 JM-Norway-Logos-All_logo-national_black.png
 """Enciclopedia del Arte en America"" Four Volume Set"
####################
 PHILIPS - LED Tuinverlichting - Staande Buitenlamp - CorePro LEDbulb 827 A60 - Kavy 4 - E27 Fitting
####################
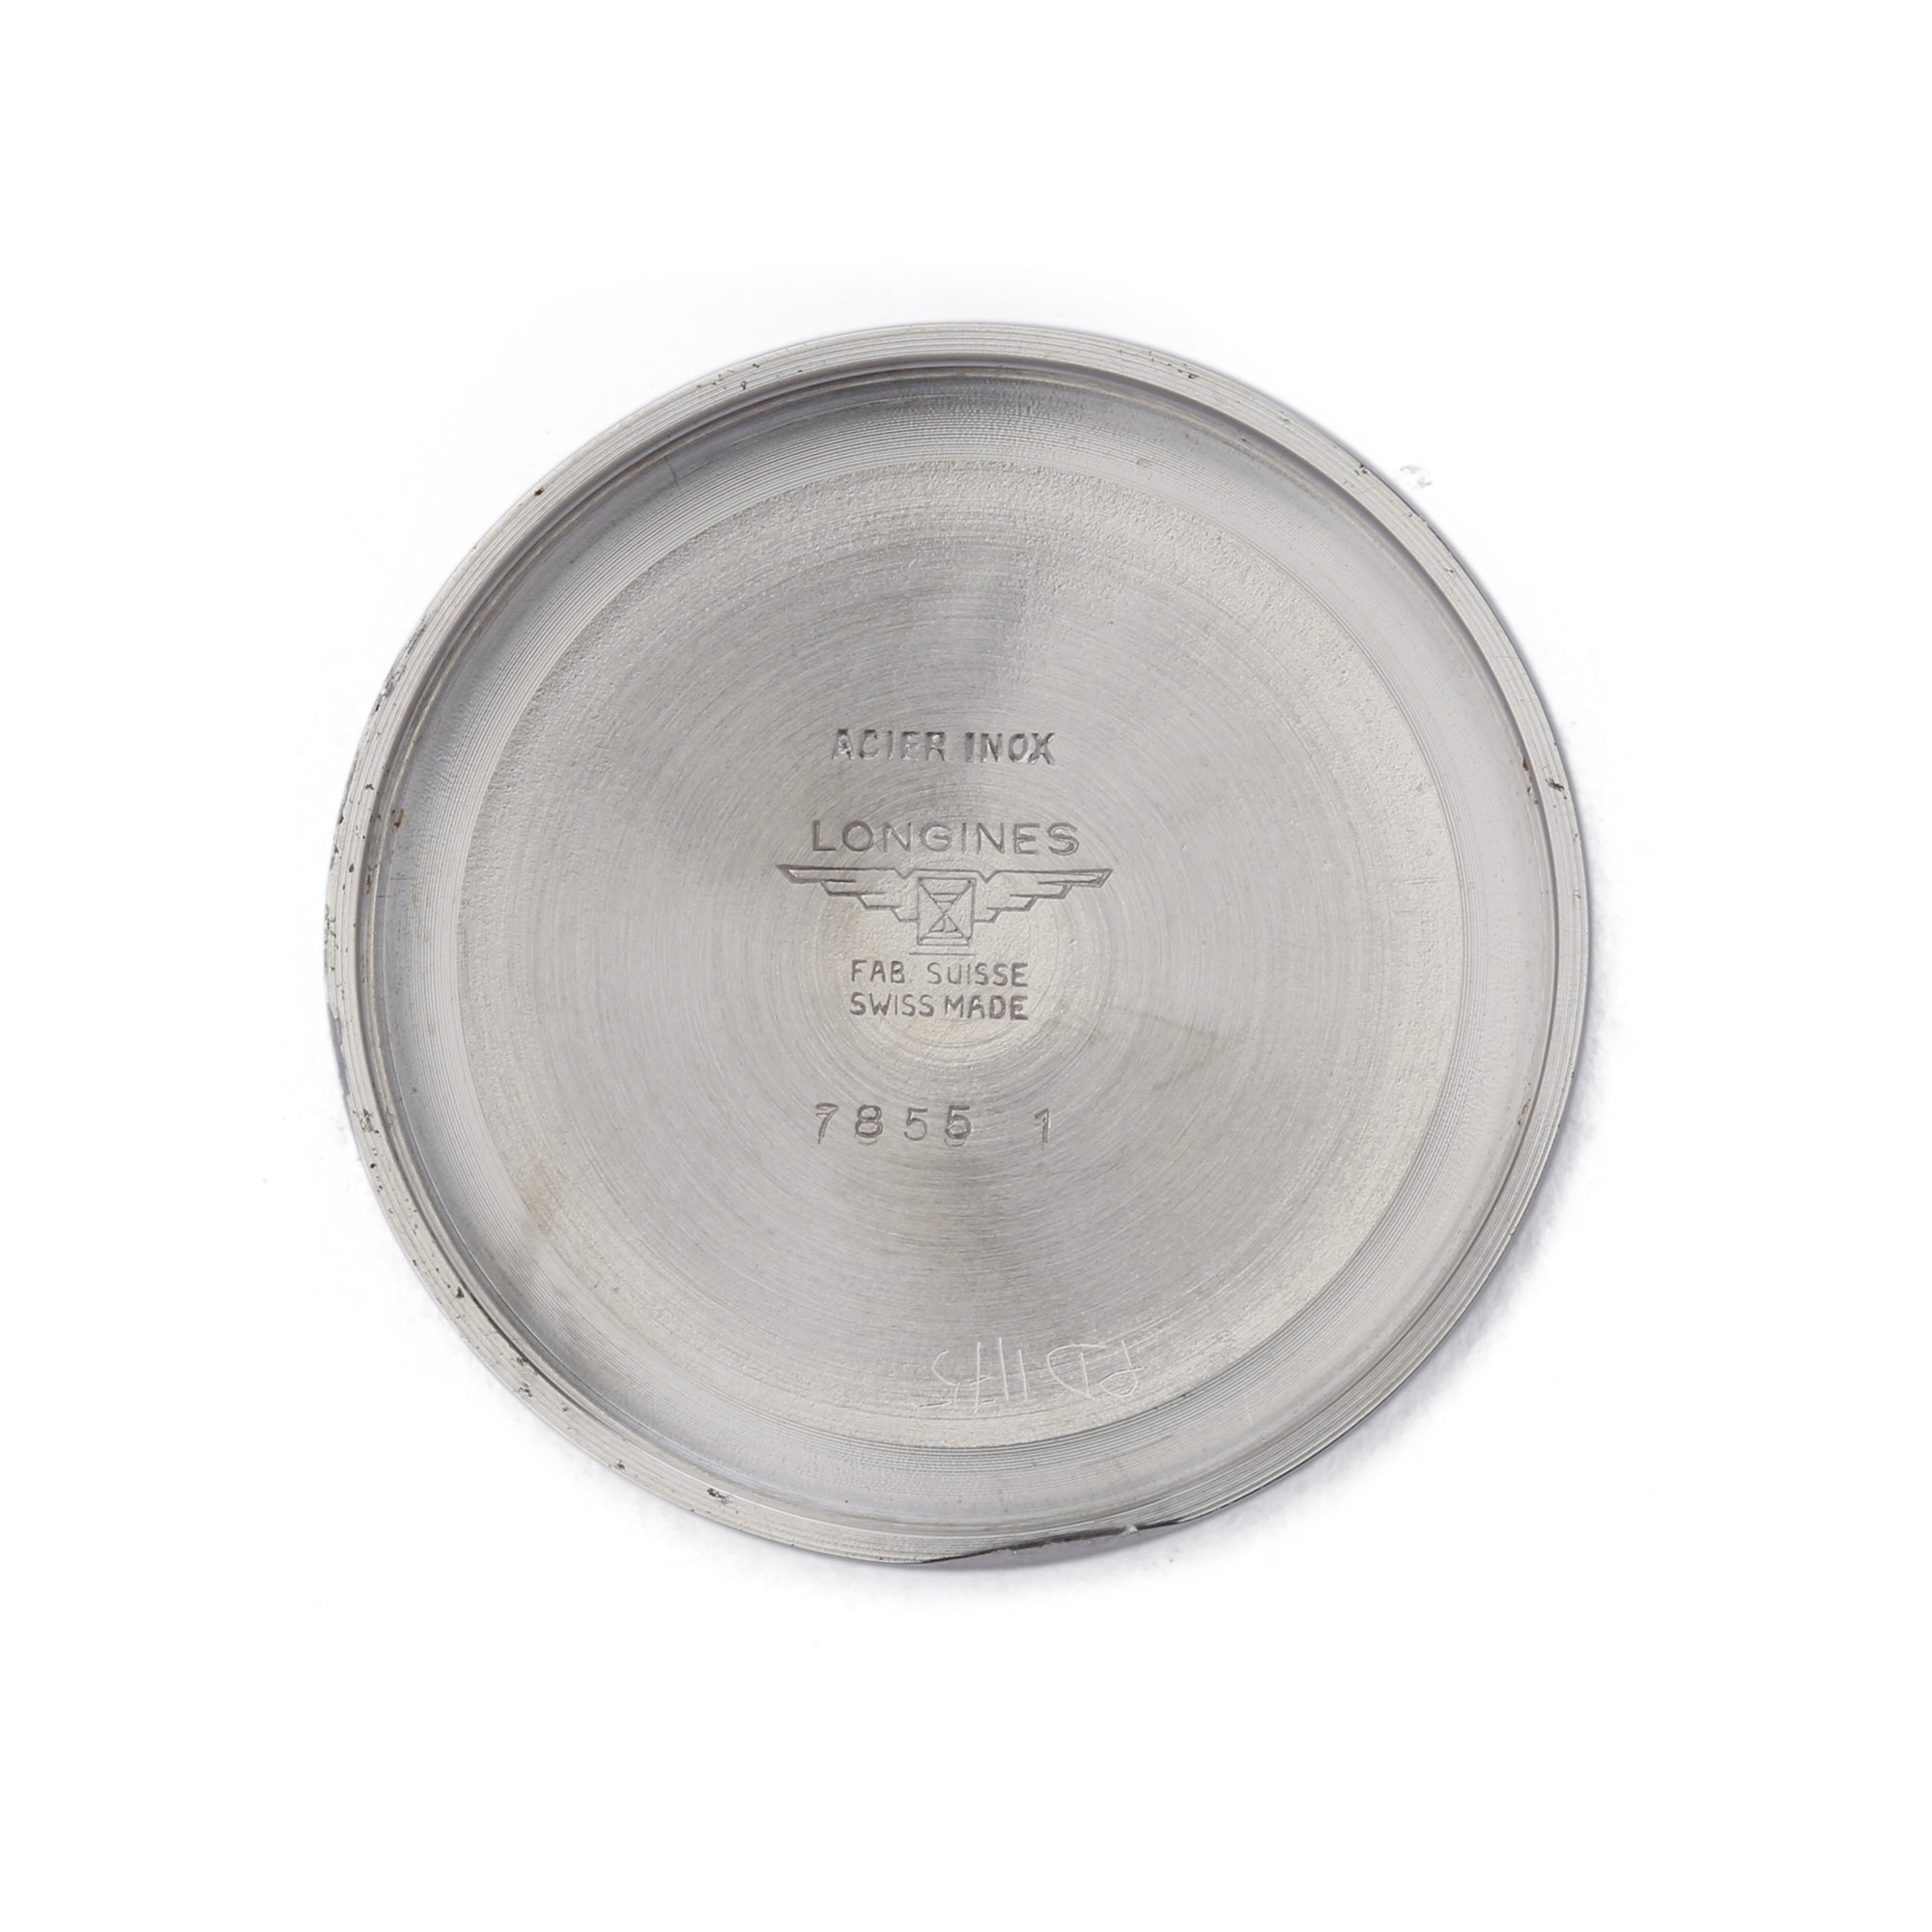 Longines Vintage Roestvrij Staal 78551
####################
=== WHAT IS NEEDED ===
Scan the records above for the lines holding "JM-Norway-Logos-All_logo-national_black.png" and "del Arte en". Transcribe those two and every line between them word for word, and no others.

=== SOLUTION TO THE PROBLEM ===
 JM-Norway-Logos-All_logo-national_black.png
 """Enciclopedia del Arte en America"" Four Volume Set"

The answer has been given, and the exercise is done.